Universities have betrayed a terrible close-minded mentality when it comes to Israel.
It is both arrogant and disconcerting to read about distant and committed activists who think that Israel should become an empty shell of moral relativism, one where its statehood as a haven for Jews throughout the world would be compromised to appease rabid Arab dictatorships and intolerant factions bent only on pushing the Jews into the sea. Such would be the case if the mainstay of Jewish identity were compromised in order to "make peace" with the "oppressed" Arab minorities in the region.
Universities are not necessarily "indoctrination mills" as Senator Rick Santorum is purported to have shared, but to assume that they foster open inquiry and open-minded discussion is a specious argument at best. From UC Irvine to UC Santa Cruz, the anti-Zionist movement remains strong, dressed up in the used-up rags of political correctness and toleration. Jewish activists do not disrupt Muslim meetings, but adherents allied with Muslim groups have taken it upon themselves to rage against Zionist speakers and harass Jewish students.

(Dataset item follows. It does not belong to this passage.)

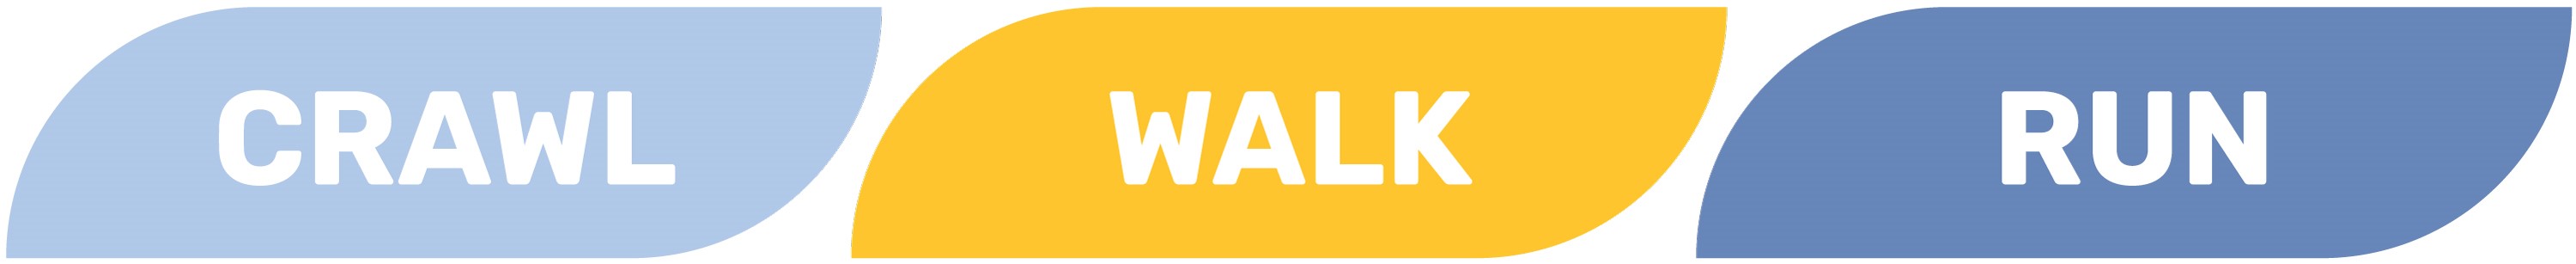 Blog 3 graphic - Crawl Walk Run

That such hateful comments like "UC Israel" are posted all over the Orange County UC campus is a testimony to the narrow-minded rhetoric which still dominates among college students, so obsessed with group and global equality, that they overlook wrongdoing perpetrated by Palestinians in the "Occupied Territories" of the Middle East.
If there is a one-state solution, it must remain the Jewish State. The residents of the West Bank are indeed Israelis, even if they repudiate the nationality. They rely on Israeli rule of law, security, and pluralism to make the case of the annihilation of Israel or its assimilation with the Arab communities in her midst.